How does Kafkaspot ensure that the memory does not overflow under the ack mechanism

How does Kafkaspot ensure that the memory does not overflow under the ack mechanism

The kafkaspout class in the storm framework implements BaseRichSpout, which has rewritten the fail and ack methods, so our bolt must implement the ack mechanism to ensure that the message is re-sent; if the ack mechanism is not implemented, then kafkaspout cannot be obtained The processing response of the message will send the message again after the timeout, resulting in repeated sending of the message.

But recall that we write a spout class to implement BaseRichSpout and let it have message retransmission, then we will define a map set in our spout class and use msgId as the key.

public class MySpout extends BaseRichSpout {
    private static final long serialVersionUID = 5028304756439810609L;
   //key:messageId,Data
    private HashMap<String, String> waitAck = new HashMap<String, String>();
    private SpoutOutputCollector collector;
    public void declareOutputFields(OutputFieldsDeclarer declarer) {
        declarer.declare(new Fields("sentence"));
    }
    public void open(Map conf, TopologyContext context, SpoutOutputCollector collector) {
        this.collector = collector;
    }
    public void nextTuple() {
        String sentence = "the cow jumped over the moon";
        String messageId = UUID.randomUUID().toString().replaceAll("-", "");
        waitAck.put(messageId, sentence);
       //Specify the messageId, turn on the ackfail mechanism
        collector.emit(new Values(sentence), messageId);
    }
    @Override
    public void ack(Object msgId) {
        System.out.println("Message processing succeeded:" + msgId);
        System.out.println("Delete the data in the cache...");
        waitAck.remove(msgId);
    }
    @Override
    public void fail(Object msgId) {
        System.out.println("Message processing failed:" + msgId);
        System.out.println("Resend failed information...");
       //If the ackfail mechanism is not enabled for retransmission, the data in the map object of the spout will not be deleted, and downstream
        collector.emit(new Values(waitAck.get(msgId)),msgId);
    }
}

So will kafkaspout also save the message that the bolt response has been sent but not received? If so, if message processing keeps failing, keeps retransmitting, and messages keep accumulating on kafkaspout nodes, will there be a memory overflow on the kafkaspout side?

In fact, it is not. Recalling the principle of Kafka, Kafka will keep some metadata information for each consumergroup-the position of the current consumption message, that is, the offset. This offset is controlled by the consumer. Under normal circumstances, the consumer will linearly increase the offset after consuming a message. Of course, the consumer can also set the offset to a smaller value and consume some messages again.

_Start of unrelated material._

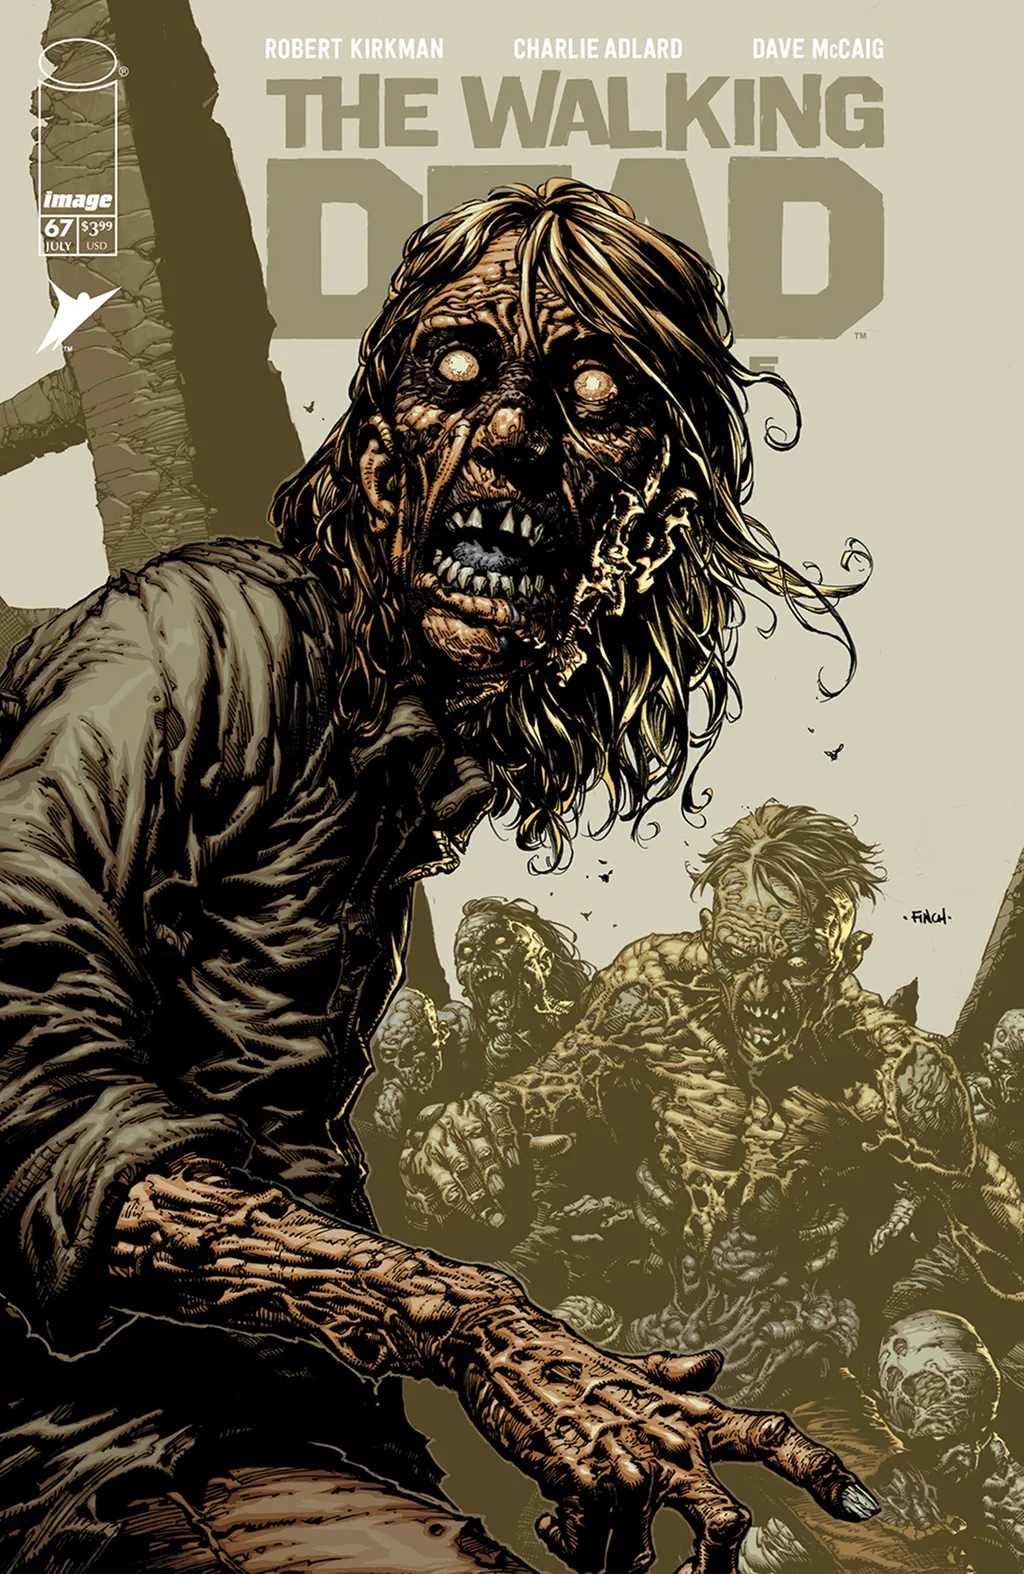 The Walking Dead Deluxe vem trazendo páginas coloridas, nova impressão, formato de luxo e vários extras (Imagem: Reprodução/Image Comics)
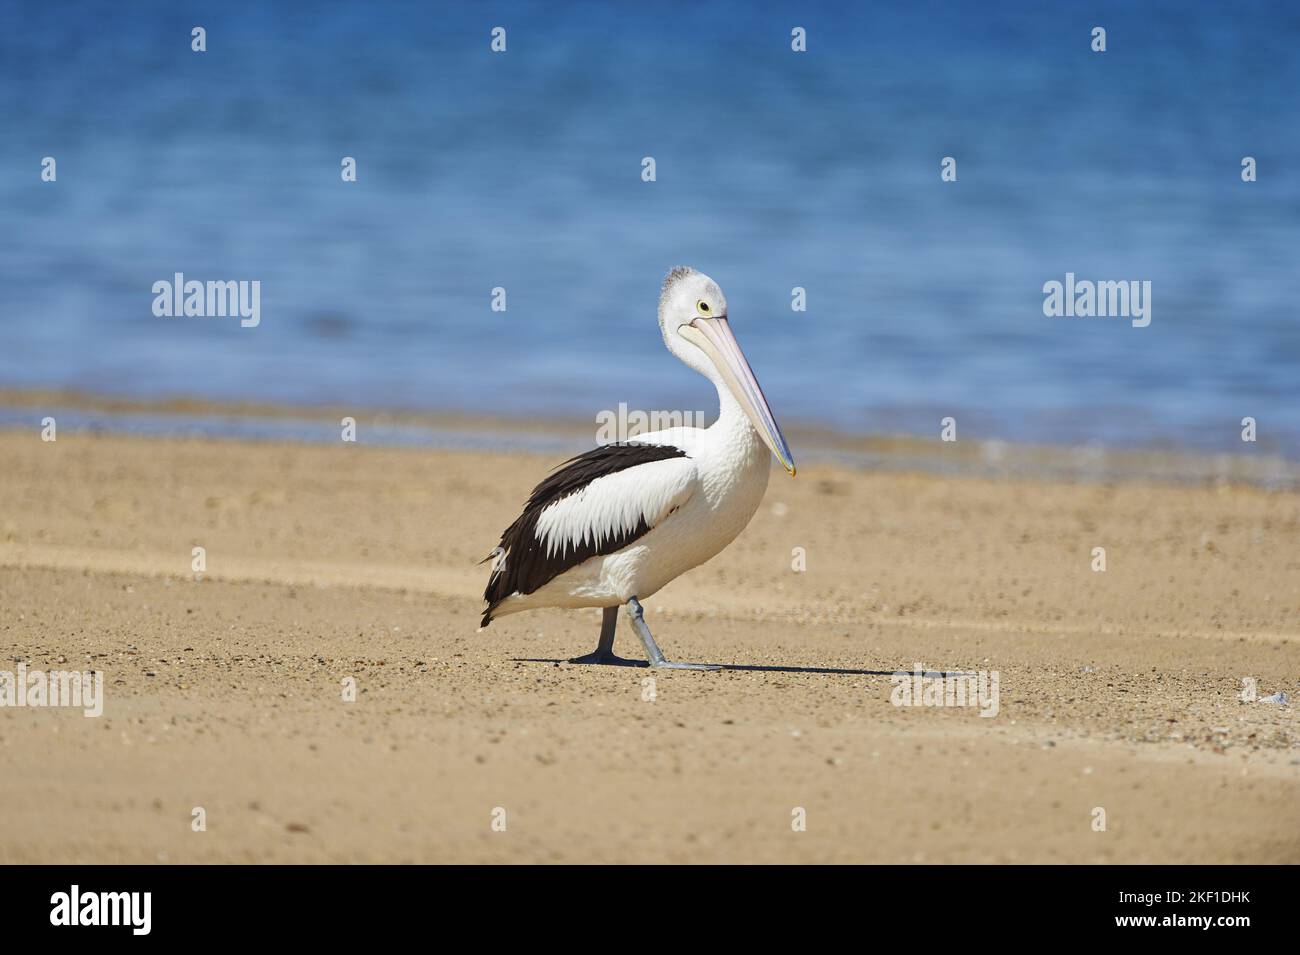 Walking Australian Pelican Stockfoto

In other words, when kafkaspot consumes Kafka data, after reading the message through the offset and sending it to the bolt, kafkaspot is only the current offset value of the saver.

When it fails or succeeds, query the offset value according to msgId, and then go to Kafka to consume the data to ensure that the message is re-sent.

So although the offset data is small, the memory overflows when the amount of offset data goes up?

In fact, no, kafkaspout finds that the cached data exceeds the limit, and will clean up the data at one end.

The code for sending data in kafkaspot

collector.emit(tup, new KafkaMessageId(_partition, toEmit.offset));

You can see that the offset parameter is wrapped in msgID.

It does not buffer the data information that has been sent out.

When he receives the response to the bolt, he will get the offset from the received msgId. The following is the key code extracted from the source code:

public void ack(Object msgId) {
     KafkaMessageId id = (KafkaMessageId) msgId;
     PartitionManager m = _coordinator.getManager(id.partition);
     if (m != null) {
          m.ack(id.offset);
     }
 }
 m.ack(id.offset);
 public void ack(Long offset) {
     _pending.remove(offset);//Processing successfully remove offset
     numberAcked++;
 }



 public void fail(Object msgId) {
     KafkaMessageId id = (KafkaMessageId) msgId;
     PartitionManager m = _coordinator.getManager(id.partition);
     if (m != null) {
         m.fail(id.offset);
      }
  }
  m.fail(id.offset);
  public void fail(Long offset) {
     failed.add(offset);//Processing failed to add offset
        numberFailed++;
   }
    
    SortedSet<Long> _pending = new TreeSet<Long>();
    SortedSet<Long> failed = new TreeSet<Long>();

There are many concepts of kafka involved in source code analysis, so it is very difficult to understand the concept of kafka to fully understand the source code of kafkaspot. If you don’t understand the concept of kafka, then you only need to understand that kafkaspot has done the above two in understanding the ack mechanism of storm. Things will do.